Now here’s a subject I know a bit about – not being able to function. By which I mean not being able to engage in normal activities like writing or cleaning or answering emails or having conversations which require saying something other than “uh huh”, “you don’t say” and “I need to go lay down for a little bit”.
So, my apologies for the long silence. And double apologies to those of you whose emails I haven’t answered. I’ve been too focused on enduring to figure out things to say. Sending pages and pages of uuuuuuugh and grrrrrr and uroawooonmnuuuurg didn’t seem appropriate.
It’s always uncomfortable and a bit embarrassing to find yourself unable to do anything other than endure, but it turns out that enduring is a skill that God holds in high regard. Romans 5:3 says that endurance leads to character which leads to hope. Timothy 2:12 says that if we endure, we will reign with Christ. You look at me and see a big blob doing nothing, but God looks at me and sees me being prepared to rule the universe. Or something.
Anyhow, my point, such as it is, is that enduring is something we have to be able to do sometimes. Life is hard. Depression’s a nasty bitch. Beds are soft and brownies are comforting.
So, for those of you who are struggling to endure, I’d like to share this bunch of words I miraculously strung together that I use to keep myself enduring for just a little bit longer. I hope they help you as well. If they don’t, that’s totally cool. Feel free to say, “eff off, Rebecca. You have no idea . . .” Just do it in your head and not in the comments because while I totally understand, I totally don’t want to hear it.
Anyhow. Here you go:
You are fine. And you can do this. Maybe not right this very moment, but that’s OK. You don’t have to be able to function and overcome every single moment of your life. You’ve been able to function and handle life plenty of times before and at some point, you’ll get a few moments where you’re able to do that again. And that’s enough. A few of those moments are more powerful than all the hours when sucking air takes all of your strength.

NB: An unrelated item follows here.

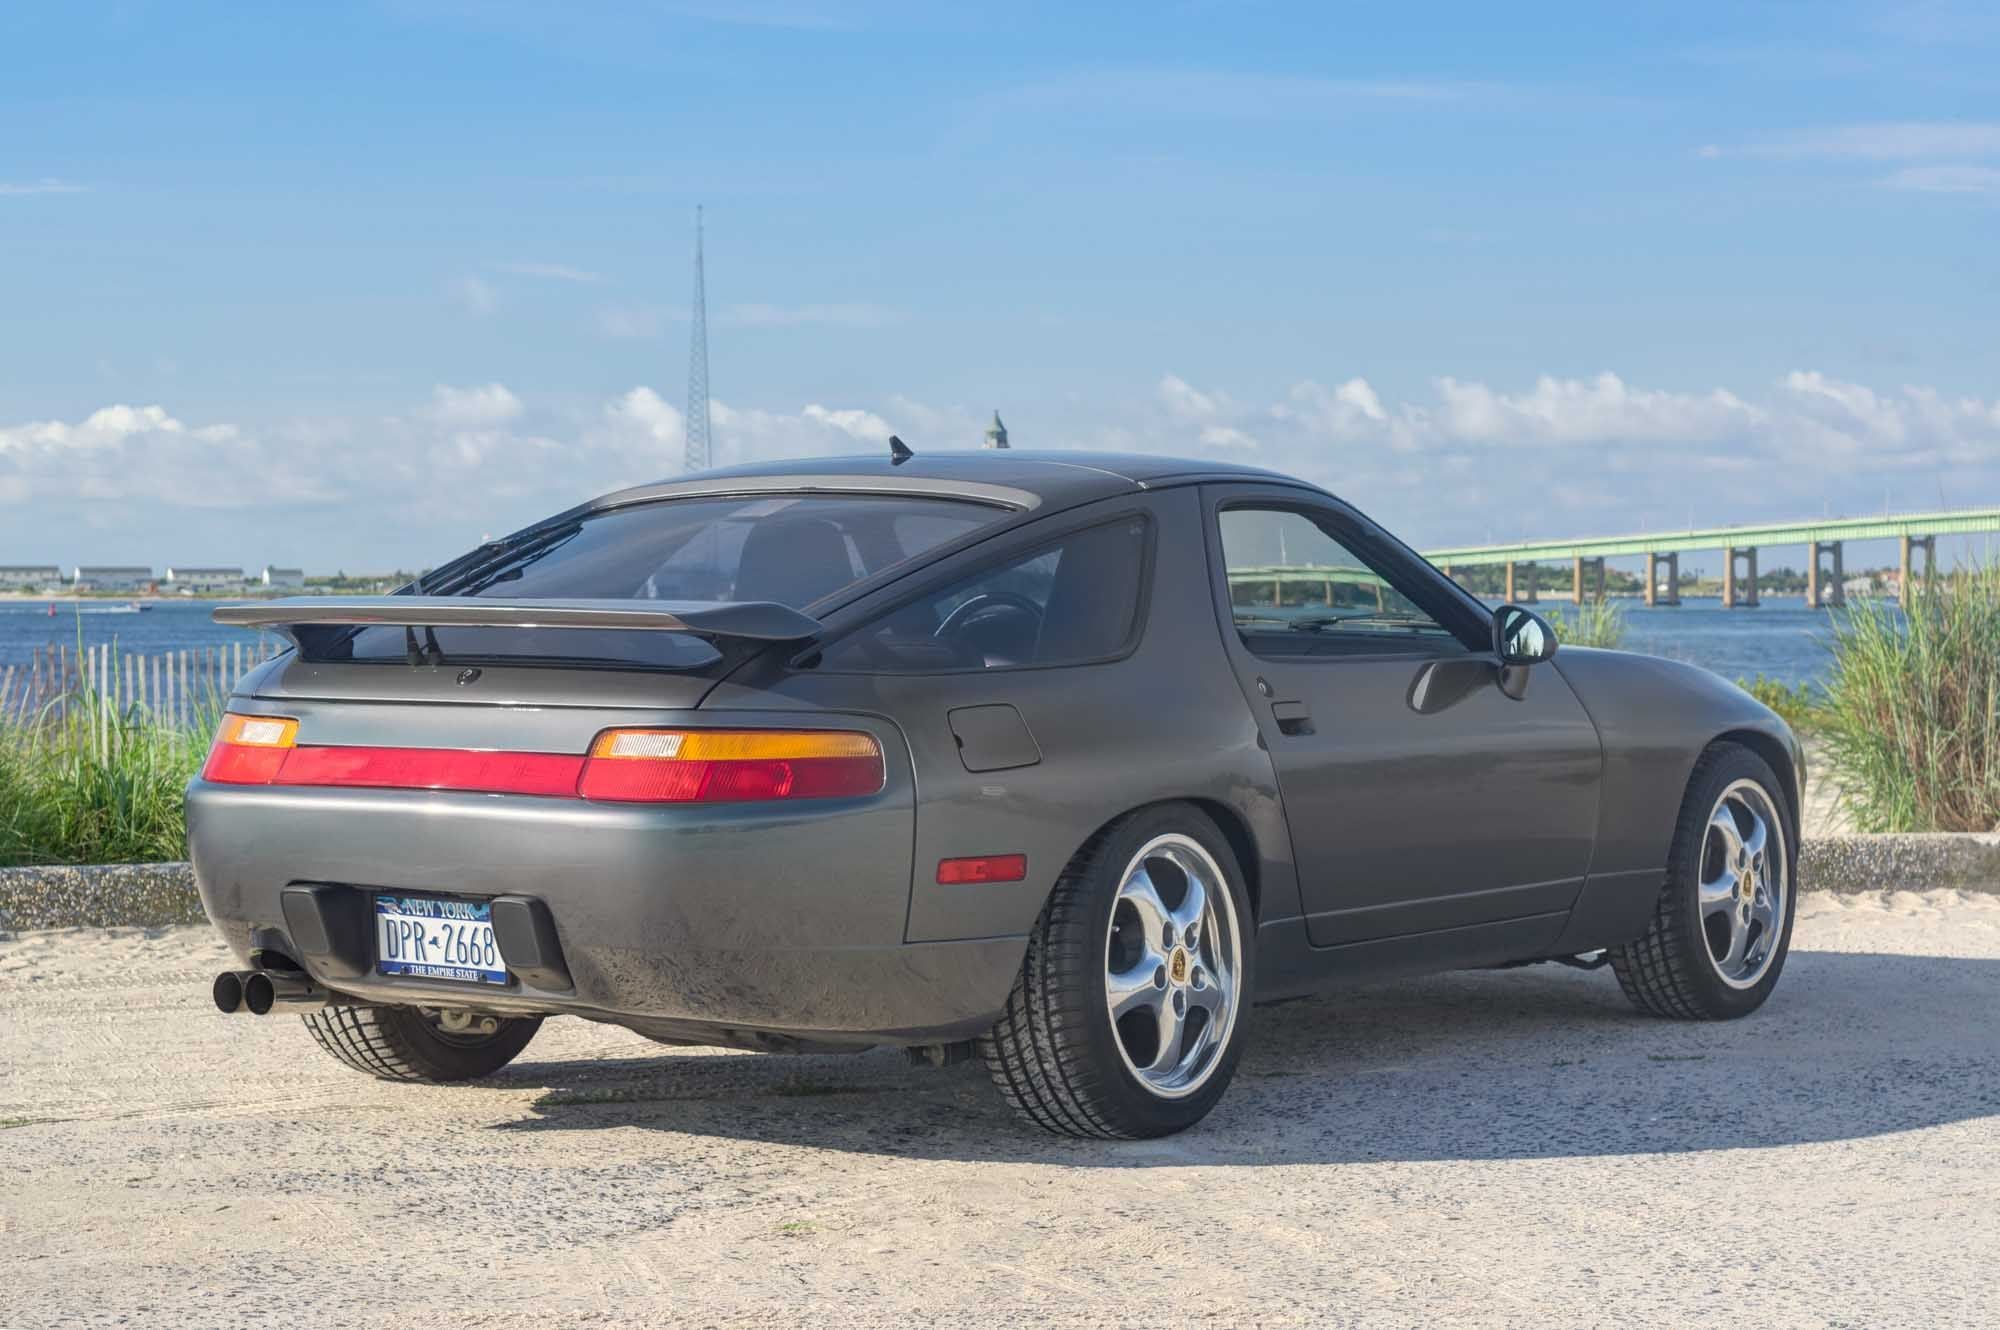 1993 Porsche 928 - 1993, 928, GTS - Used - VIN WP0AA2922PS820127 - 85,300 Miles - 8 cyl - 2WD - Automatic - Hatchback - Gray - Sound Beach, NY 11789, United States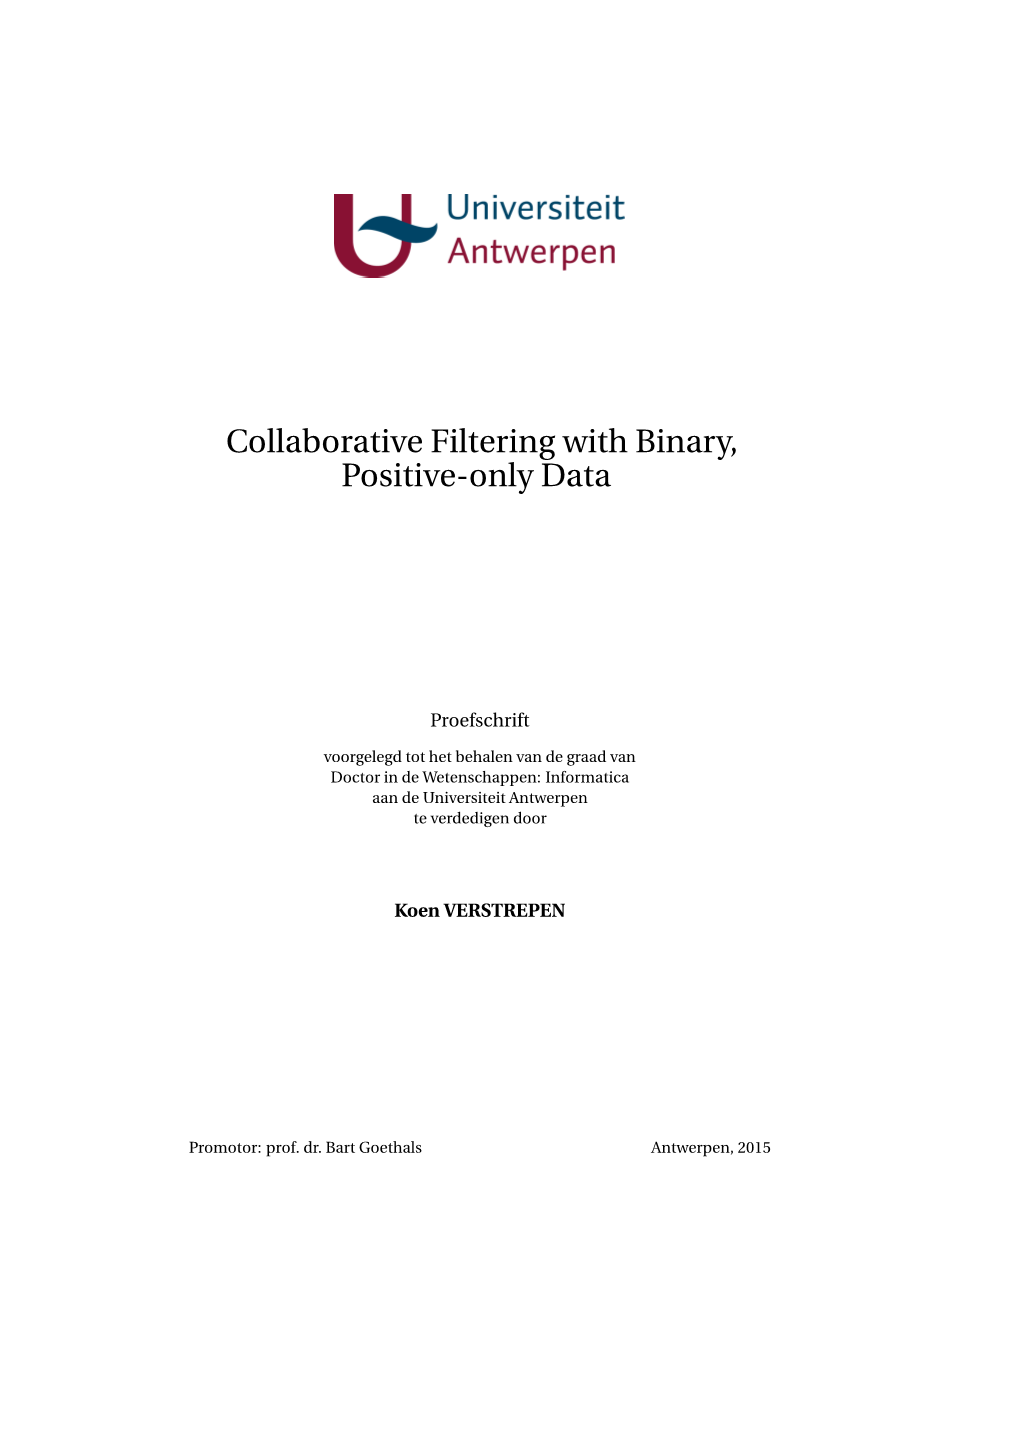 Collaborative Filtering with Binary, Positive-Only Data

When you sit down and find yourself unable to move again, it’s OK. You don’t have to fight it. You don’t have to feel weak or guilty. It will pass. We all get too sick to move sometimes; this is no different. Just sit and when the moment passes, you’ll get back up. No use beating yourself up in the meantime. Nothing wrong with just sitting for a spell.
Don’t tell yourself that you can’t function any more. You can. Just not right this moment. It’s OK. You don’t have to function well all the time. There are times when you function just fine. And sometimes you may not be fully functional, but you’re also not immobilized. If you can’t move or think or function at the moment, it’s no big deal. There are other moments, moments when you don’t have to think to breath or struggle to move while the pain blanket is smothering you. And in those moments, you are downright amazing. It’s no wonder you sometimes hit a wall – being that amazing takes a lot out of a person.
It doesn’t matter if right this moment, you can’t feel or believe it, but you are fine. Don’t fall for the guilt and condemnation. You don’t owe anyone a clean house or folded laundry or three blog posts a week or dinner at 6 or a face with make-up on it or anything at all except, so far as it is in your power, to be here tomorrow and the next day and the day after that. So just make that happen and it’s enough. The people who love you want you more than they want anything else in this world.
Don’t tell yourself that no one loves you and that you’re not important. It doesn’t matter if you can’t feel it or receive love right now. When the wind blows against the window, you don’t say it’s not real because you can’t feel it moving against your skin. You know the wind is blowing even when you can’t feel it. It’s the same with the love people have for you.
Not being able to feel or receive love or joy or the good of the world doesn’t means you are wrong or broken. It’s not always a sign that you need to change or do something. I’m sure a massage isn’t particularly enjoyable to someone who’s been hit by a Mack truck either. It can take a lot of time and meds and healing for the pain to get thin enough for the good to get through.
Sometime today or tomorrow or the next, you will see someone who is joyful. A child who made a painting for you. A dog who is so happy you’re home that they can’t control the urge to jump and run. A teen who laughs until they cry at a joke about bodily functions. A spouse who’s elated at having nailed the presentation. When that happens don’t regret that you can’t feel or share their joy. Instead, take a moment to stand in awe that such joy exists. When all you can do is endure, you understand better than anyone else what a miracle and wonder it is that joy exists at all.